Убедительно? Вполне. Только не для Росздравнадзора, который обвинил АОКИ в незнании результатов исследований: «Несколько сотен добровольцев были привиты этой вакциной, серьезных нежелательных реакций не было на эту вакцину. Очевидно, что АОКИ, не зная никаких результатов, делает выводы», — заявила заместитель главы Росздравнадзора Валентина Косенко.
Что ж, заглянем тогда в результаты, которые оказались в распоряжении «Фонтанки».
Так, где там «несколько сотен добровольцев», о которых говорит Косенко? Упс, нет их. Всего 38 испытуемых, у которых было обнаружено… 144 нежелательных побочных эффекта! Но это что! По частоте встречаемости данные эффекты «могут быть расценены как встречающиеся часто и очень часто». Среди общих проявлений называются: астения, недомогание, пирексия, повышение температуры, снижение аппетита, головная боль, диарея, боль в ротоглотке, першение в горле, ринорея… Причем на 42 сутки, а исследование длилось именно столько (!), чуть более тридцати побочных эффектов не прекратились, а исход почти тридцати разработчику, увы, неизвестен.
Кроме этого, у вакцины жесткий возрастной ценз — от 18 до 60 лет, она противопоказана беременным и кормящим, как взаимодействует с другими лекарственными препаратами — тоже знак вопроса, влияет ли на способность управления транспортным средством — и этого не знают. И, походу, много чего еще.
Вот тебе и «Спутник»…
Но зато первые, не так ли? Чувствуете, как уже распухаете от гордости за Отчизну, за научный прорыв, за будущую, но неотвратимую и абсолютную победу над коронавирусом? Ведь если дочка президента поверила… И на этом месте все дружно выстраиваемся в очередь на вакцинацию.
Но что нам это даст, если смотреть объективно?
На этот вопрос ответила АОКИ: «Ускоренная регистрация уже не сделает Россию лидером в этой гонке, она лишь подвергнет ненужной опасности конечных потребителей вакцины, граждан РФ», — говорится в обращении, причем с уточнением, что 6 из 22-х разрабатываемых в мире вакцин против коронавируса тестируются на тысячах и десятках тысяч испытуемых и времени на все это дело отводится побольше.
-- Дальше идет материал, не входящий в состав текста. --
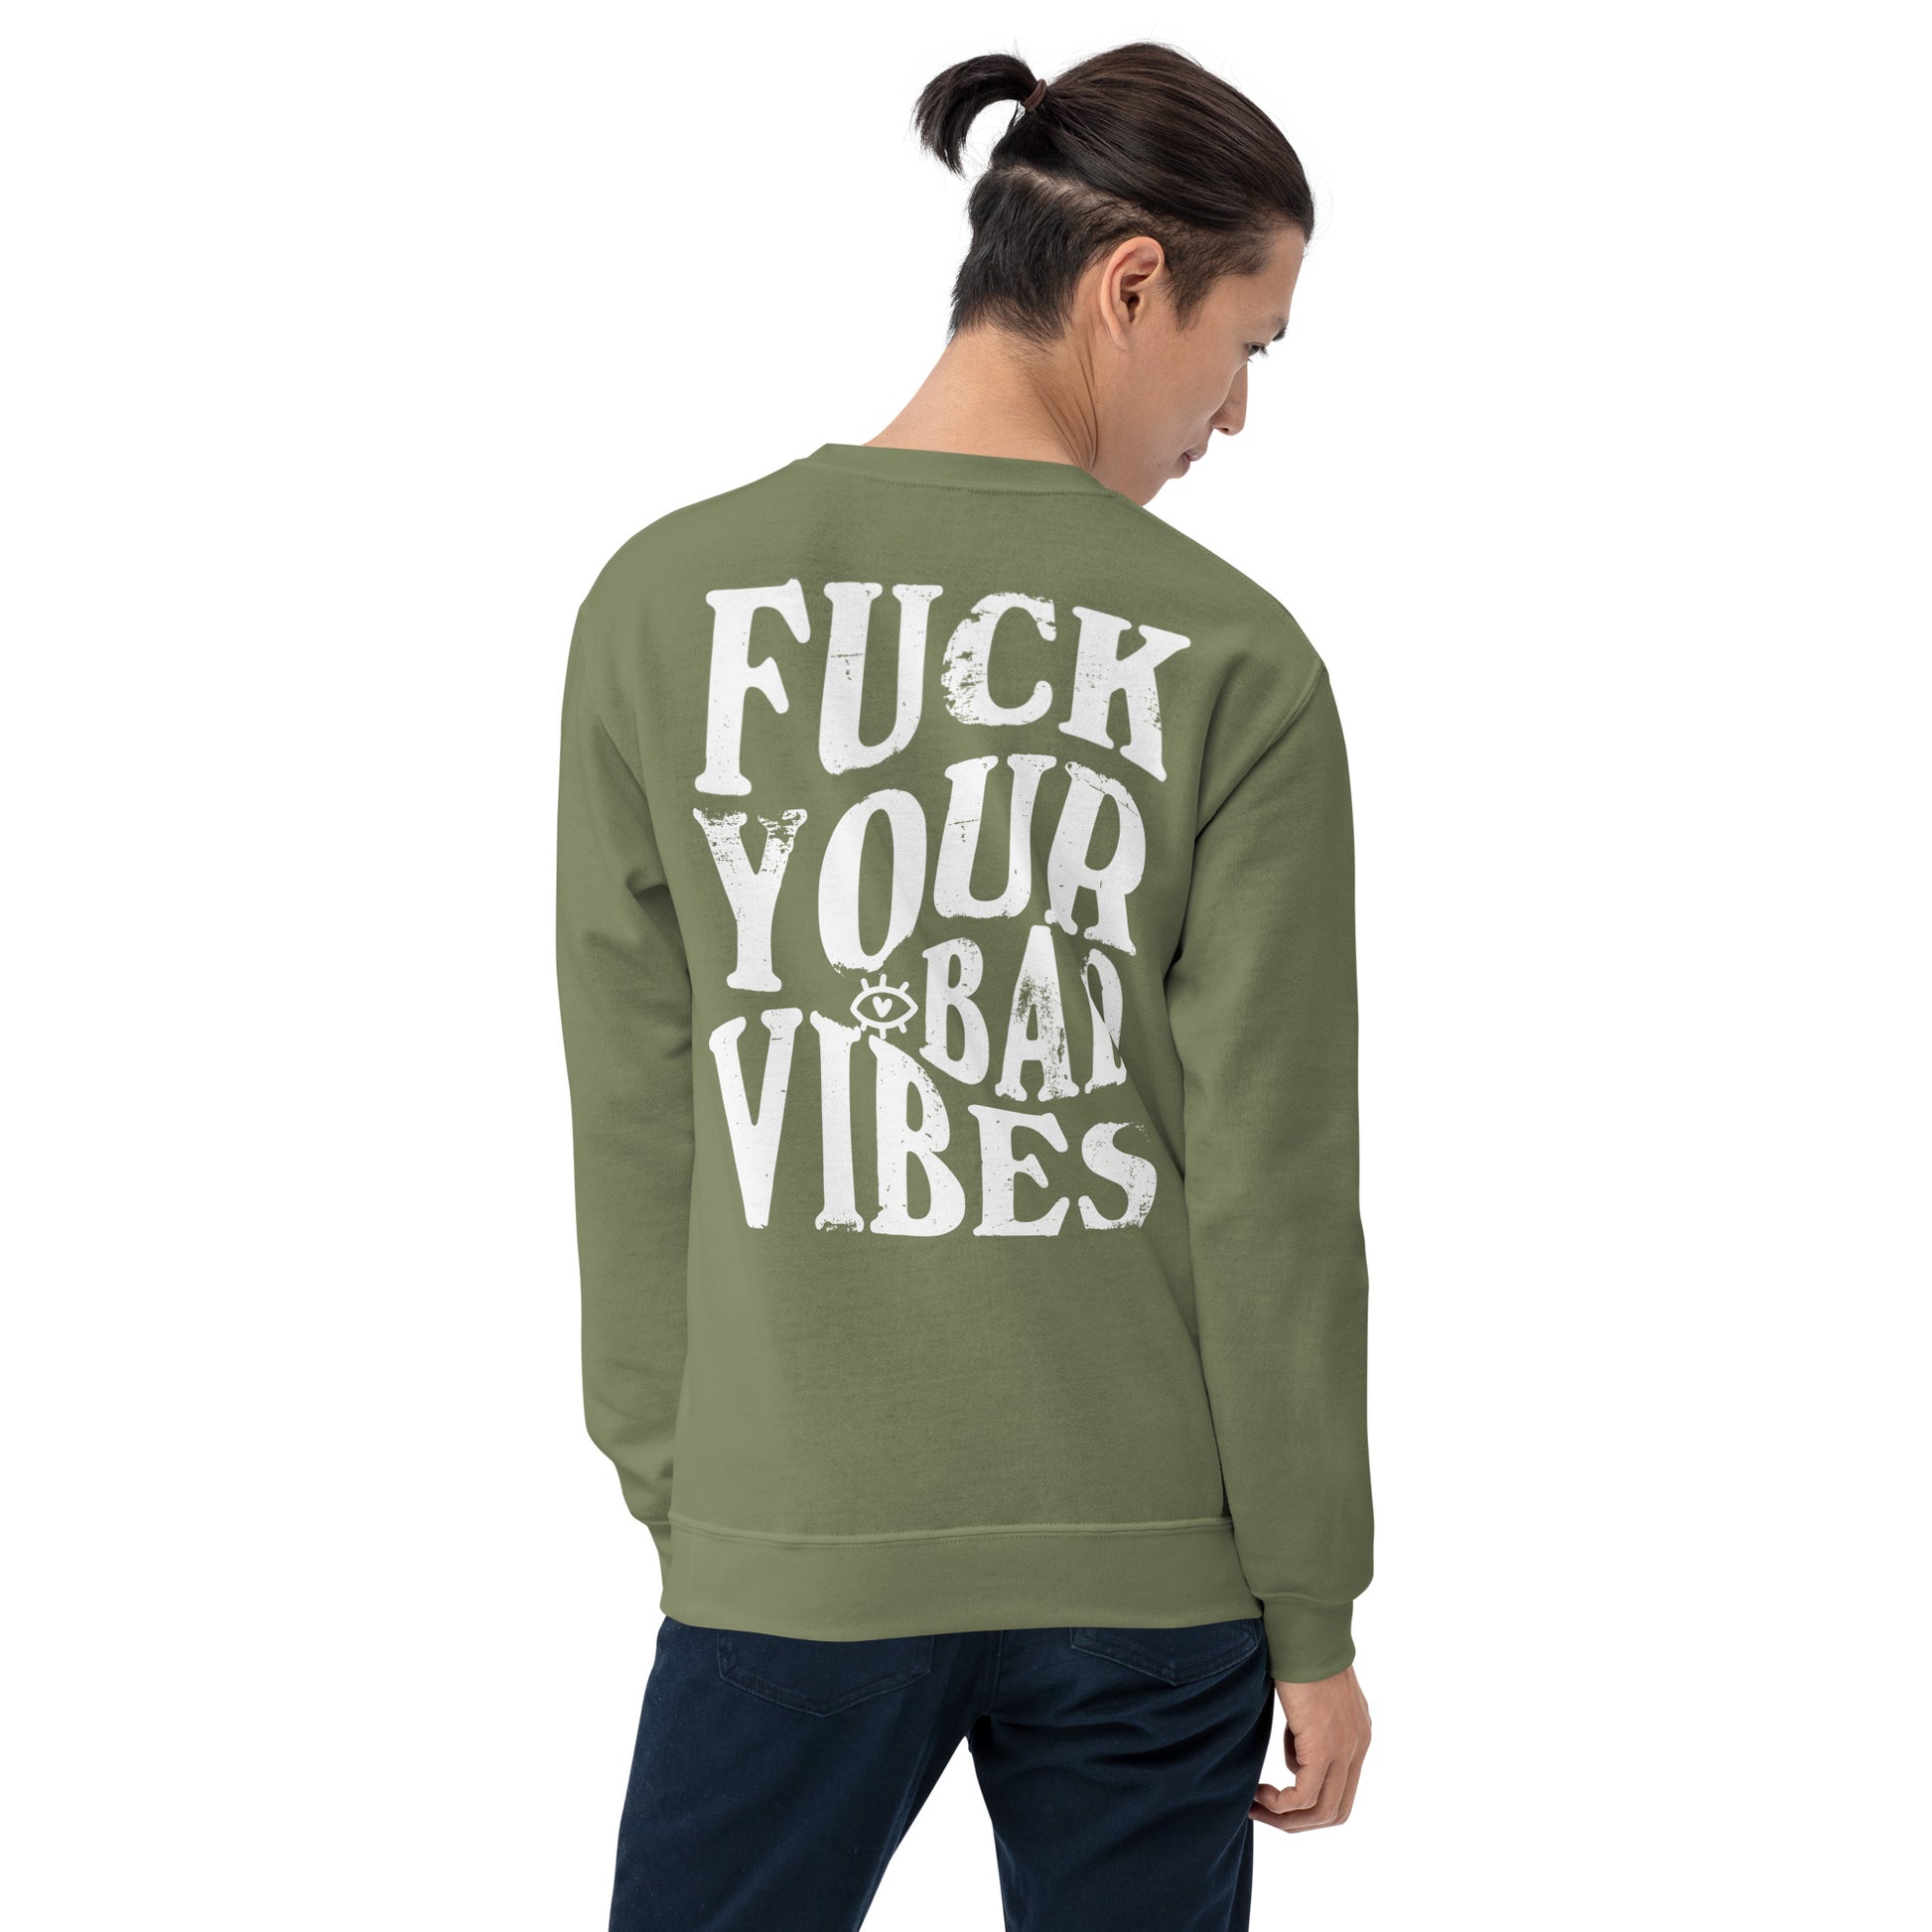 Fuck Your Bad Vibes Embroidered Sweatshirt Military Green

И вот после знакомства с результатами их призыв повременить с регистрацией выглядит более, чем обоснованным. Но президенту виднее.
Только вот не получится ли, как в случае с конституционной «реформой», что должна была стать новым общественным договором, как бы отчеркнув эпизод с пенсионной авантюрой, которую у нас тоже официальные лица гордо именовали «реформой», но стала, благодаря «поправке Терешковой» об обнулении президентских сроков Владимира Путина, дополнительным фактором раздражения общества?
Теоретически риски невысоки, поскольку, по словам доктора медицинских наук, профессора НИЦ эпидемиологии и микробиологии имени Гамалеи Анатолия Альтштейна, «никакой массовой вакцинации на основе регистрации сейчас не будет». «Будет третья фаза исследований. Пробовать вакцину будут на определенном контингенте — таком, как медики. А широкое применение ожидается не раньше начала следующего года — в зависимости от результатов третьей фазы», — рассказал вирусолог.
Но, с другой стороны, мы же все знаем, как может подскочить рвение некоторых чиновников, особенно, если тему спустят на региональный уровень, чтобы отчетность была красивее некуда? И тогда… ну да, тогда страна может превратиться в одну большую лабораторию и профильным ведомствам придется «катать» очередной вариант «головокружений от успехов».
Однако будем надеяться, что до этого не дойдет. Ибо — зачем? Ведь даже Альтштейн признал, что регистрация вакцины, битва за первенство — это из области политики. Официально, мы победили. Теперь можно спокойно приступить к третьему этапу, вдохновившись тем, что уже — первые.